0

example data snippet: sZ:ADqtAZxSnZ6xU8hUKrEAL+OKQ9w4yLte28bSEP9+SCrrLOmiTiBj2Swrozz7K5ddA8uGGY0s/x+eMI7TR2SsjBa+kbzIlvH7gg==,,,,,,,,,,,Typed URLs,,{"typed_url":{"hidden":false,"title":"ABC website","url":"https://[example][dot][com]",/","visit_transitions":["1073741824","1073741824","1073741824"],"visits":["13233781772233286","13233781814559847","13233781838384902","13233781840069946"]}}

Actually does the data can give time visited to a URL or list of past visits to the URL? I am trying to do forensics of determining time various payment URLs were invoked in the android mobile using google chrome.

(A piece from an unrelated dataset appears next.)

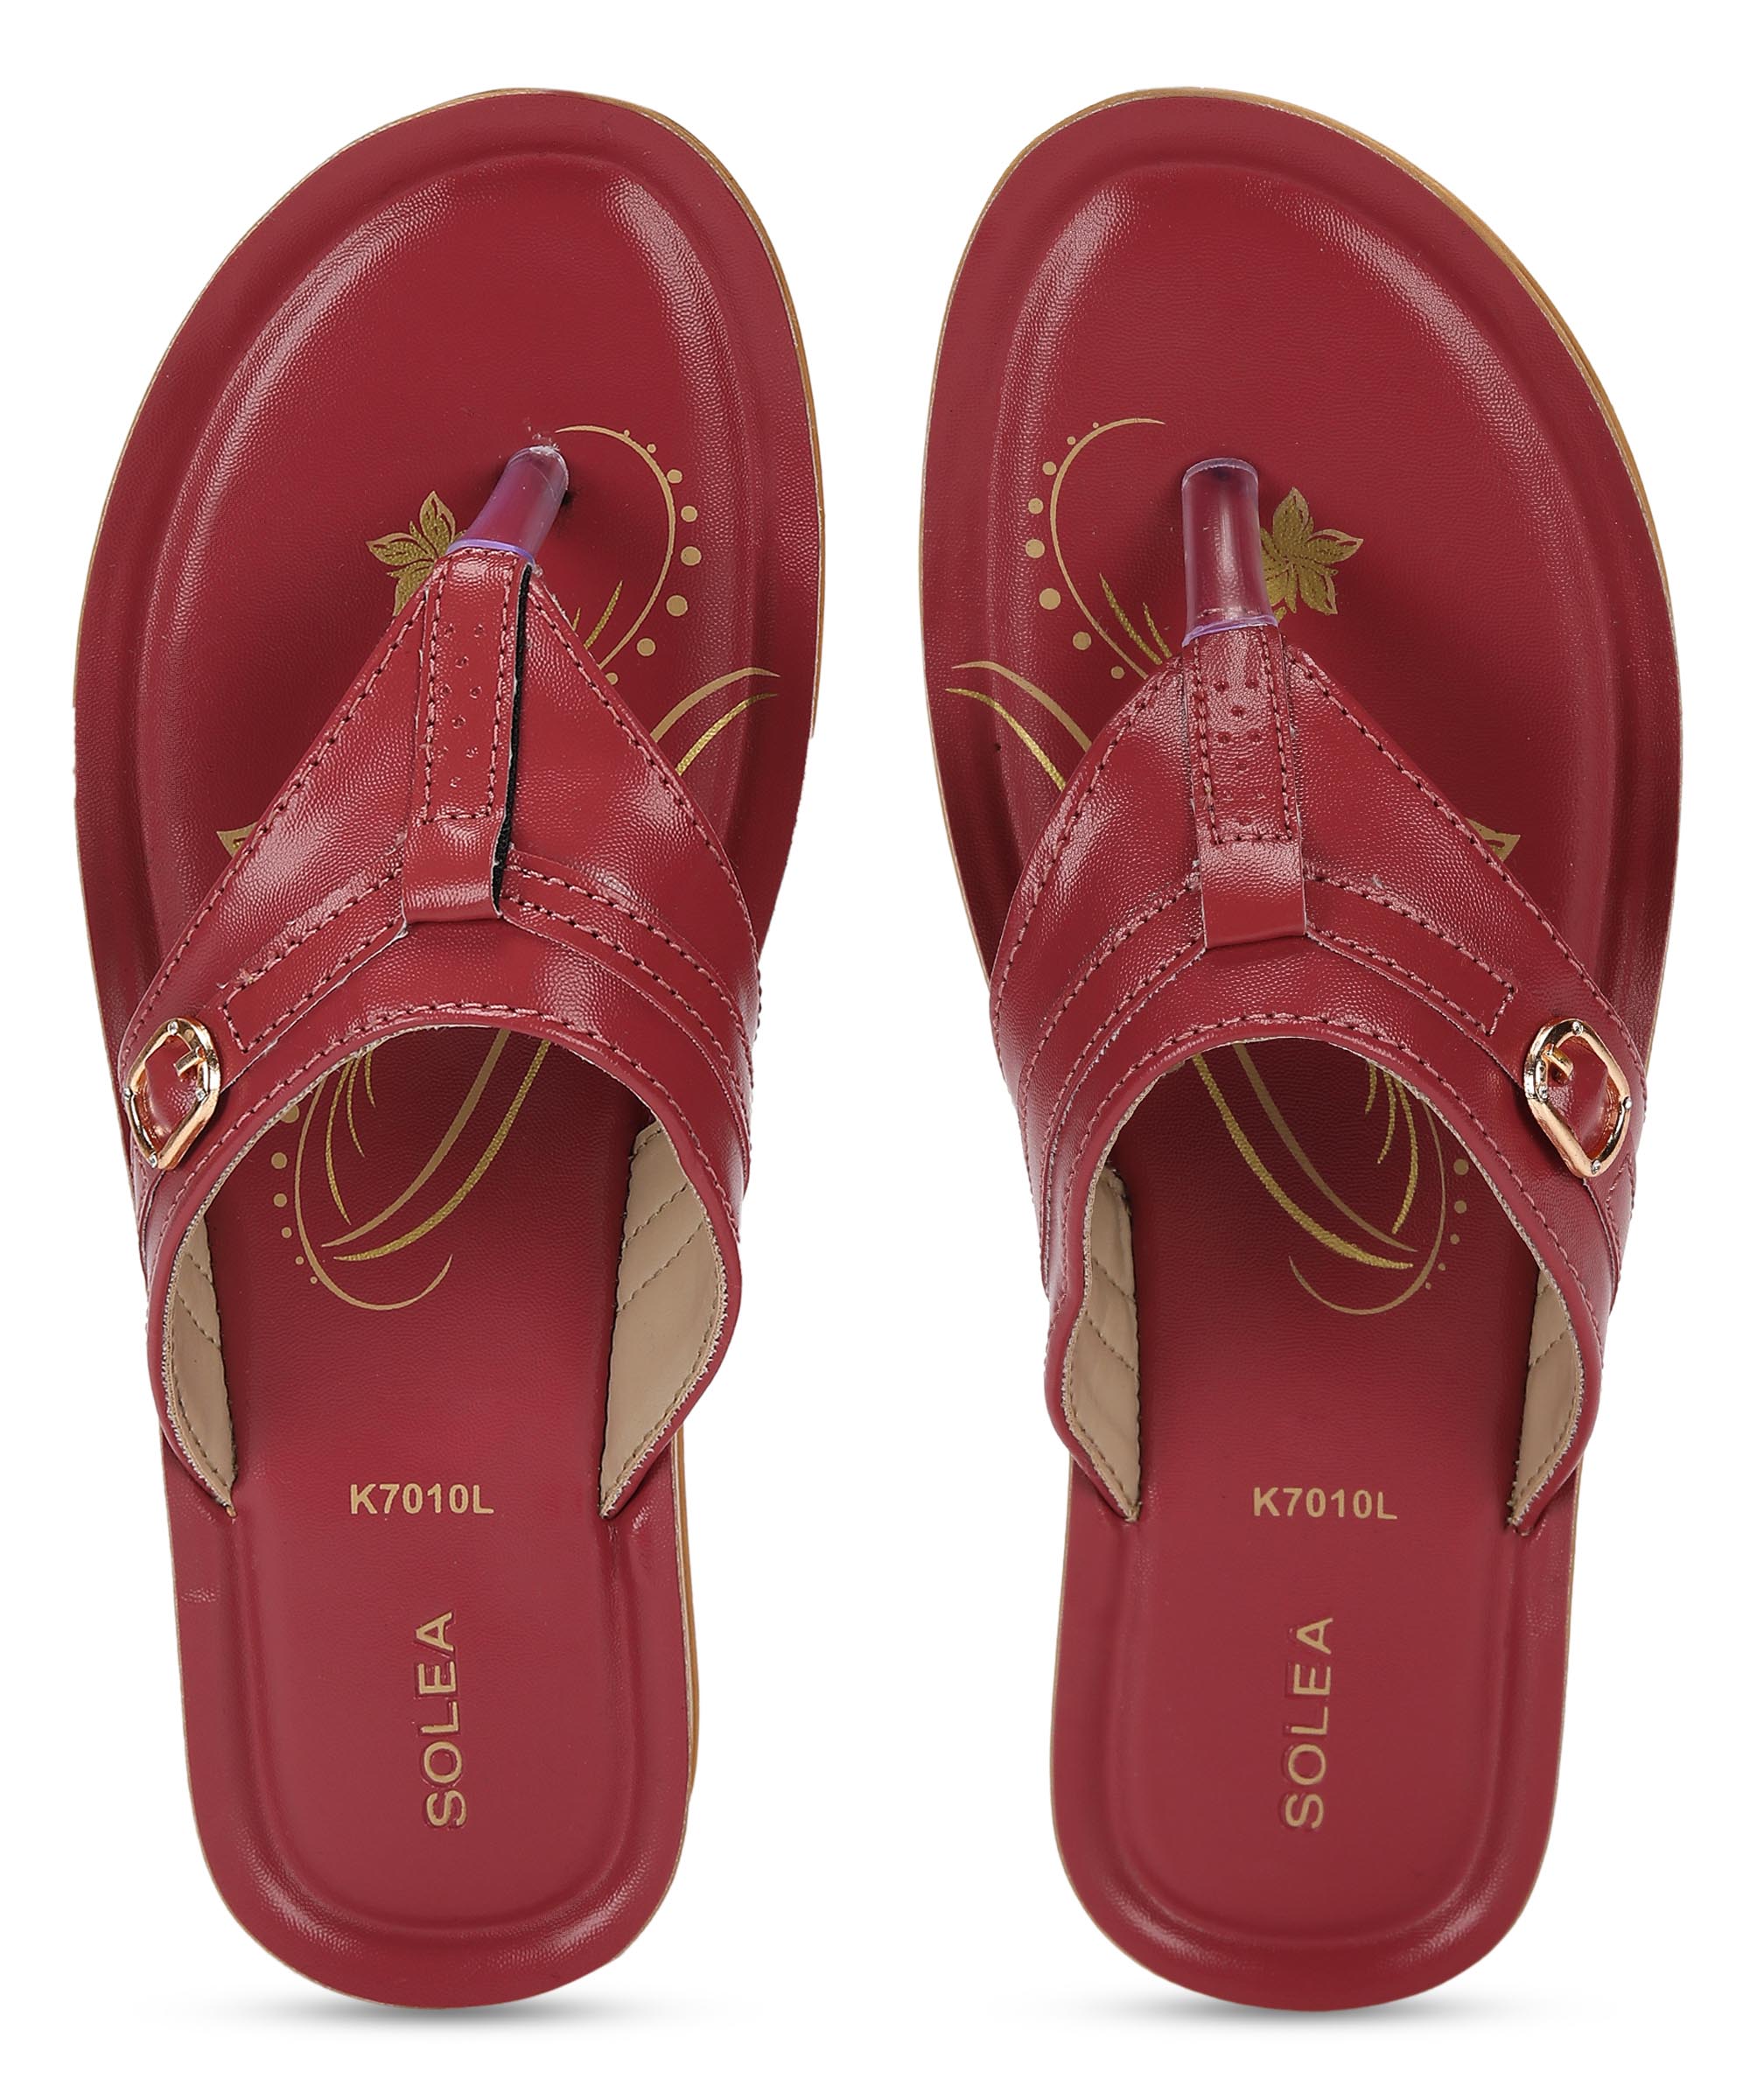 Paragon PUK7010L Women Sandals | Casual &amp; Formal Sandals | Stylish, Comfortable &amp; Durable | For Daily &amp; Occasion Wear
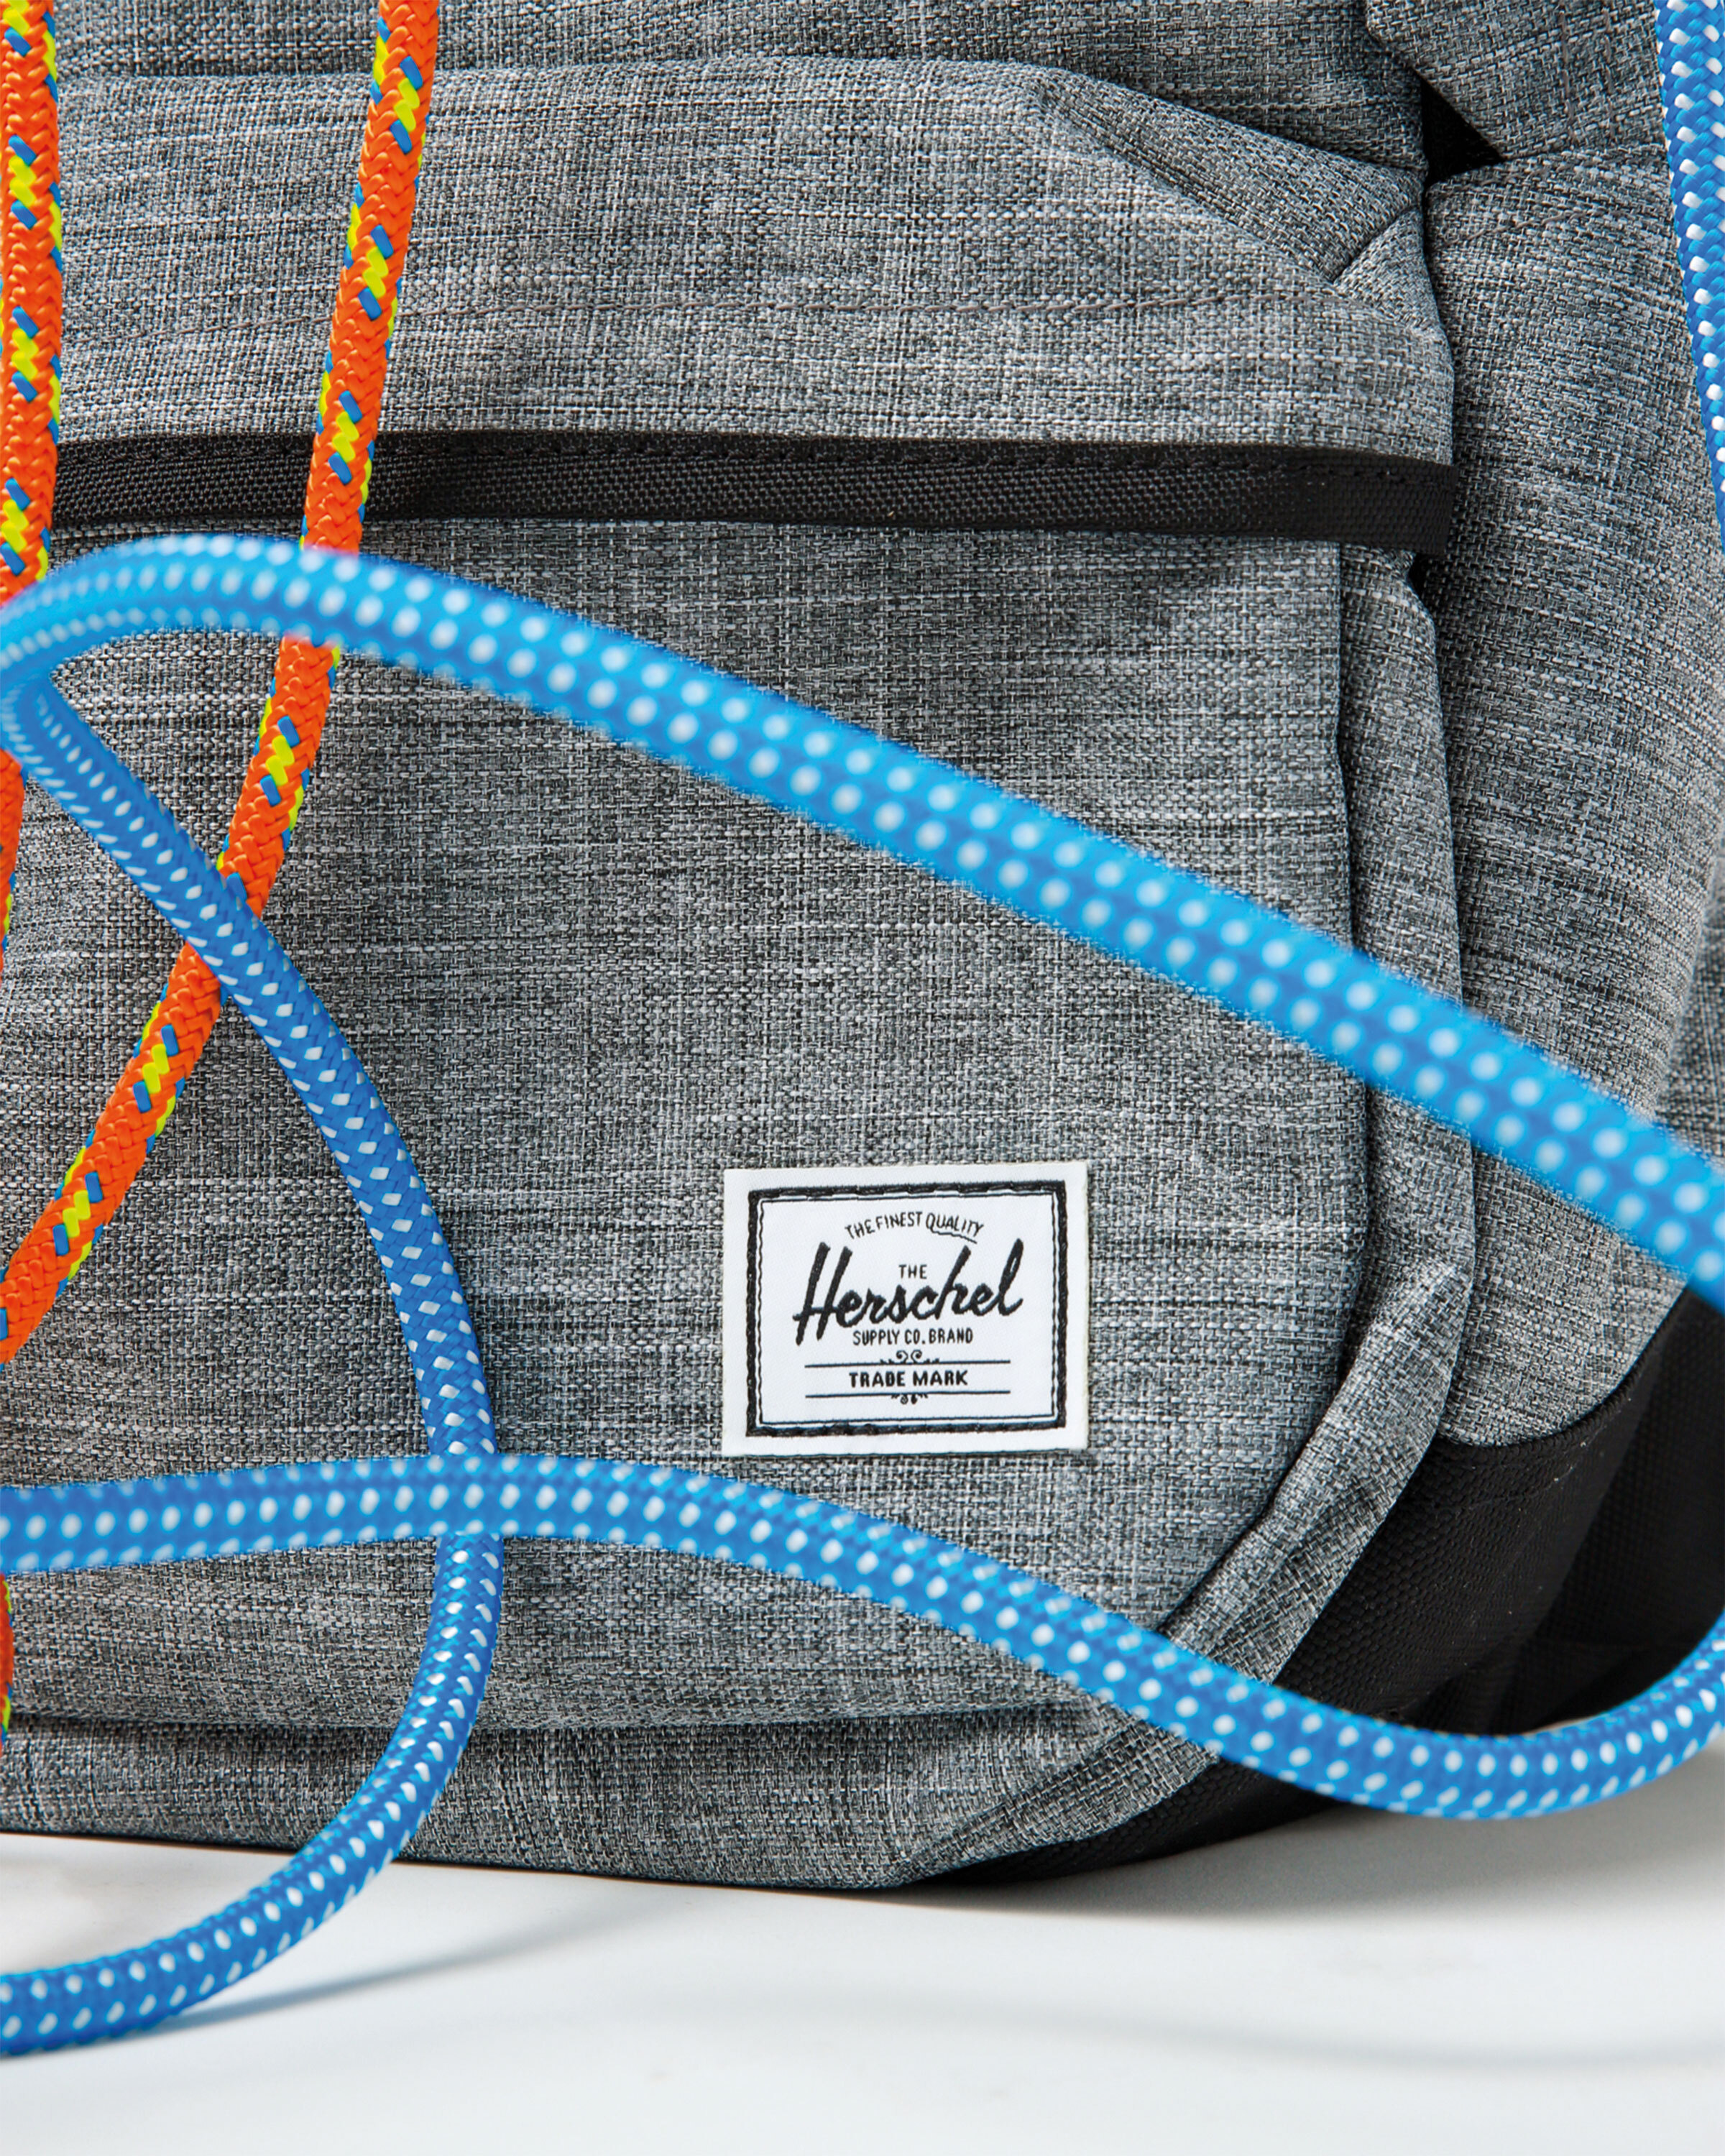 Pack your bags with Herschel

How to decode "visit_transitions" data? What does it indicate? I found out how to deal with "chrometime" listed as data element of "visits".

venkat pillai
  • 1
  • 2
  • Another actual log snippet:> sZ:ADqtAZxSnZ6xU8hUKrEAL+OKQ9w4ivQKGVelI7mH0UNIj1ikVTo1CUUq5MiC9GZhWXweguLhnpJPMICXgDZeYxSfgAiT1YwWNA==,,,,,,,,,,,Typed URLs,,{"typed_url":{"hidden":false,"title":"Example.com – Recharge & Utility Payments, Entertainment, Travel, DTH, Wallet & Payments","url":"https://Example.com/","visit_transitions":["-1610612736","838860801"],"visits":["13239381911414692","13239382674564693"]}} – venkat pillai Aug 10 '20 at 11:57
  • I found out how to deal with the 17 digit number; It is in chrome time format base 1601-01-01; the following link answers how to convert it to localtime : https://stackoverflow.com/questions/20458406/what-is-the-format-of-chromes-timestamps – venkat pillai Aug 10 '20 at 13:08
  • Now I want help on decoding "visit_transitions" data? What does it indicate? – venkat pillai Aug 10 '20 at 13:27

1 Answers1

0

Those visit_transitions values are the same as the values in visits.transition in Chrome's History database. A full write-up of how to convert these is at https://dfir.blog/chrome-transition-values/, but I've applied those steps for your value (1073741824) here:

Convert to hex

1073741824 (dec) = 0x40000000

AND the value with 0xFF

0x40000000 AND 0x000000FF = 0x00000000 (or just 0)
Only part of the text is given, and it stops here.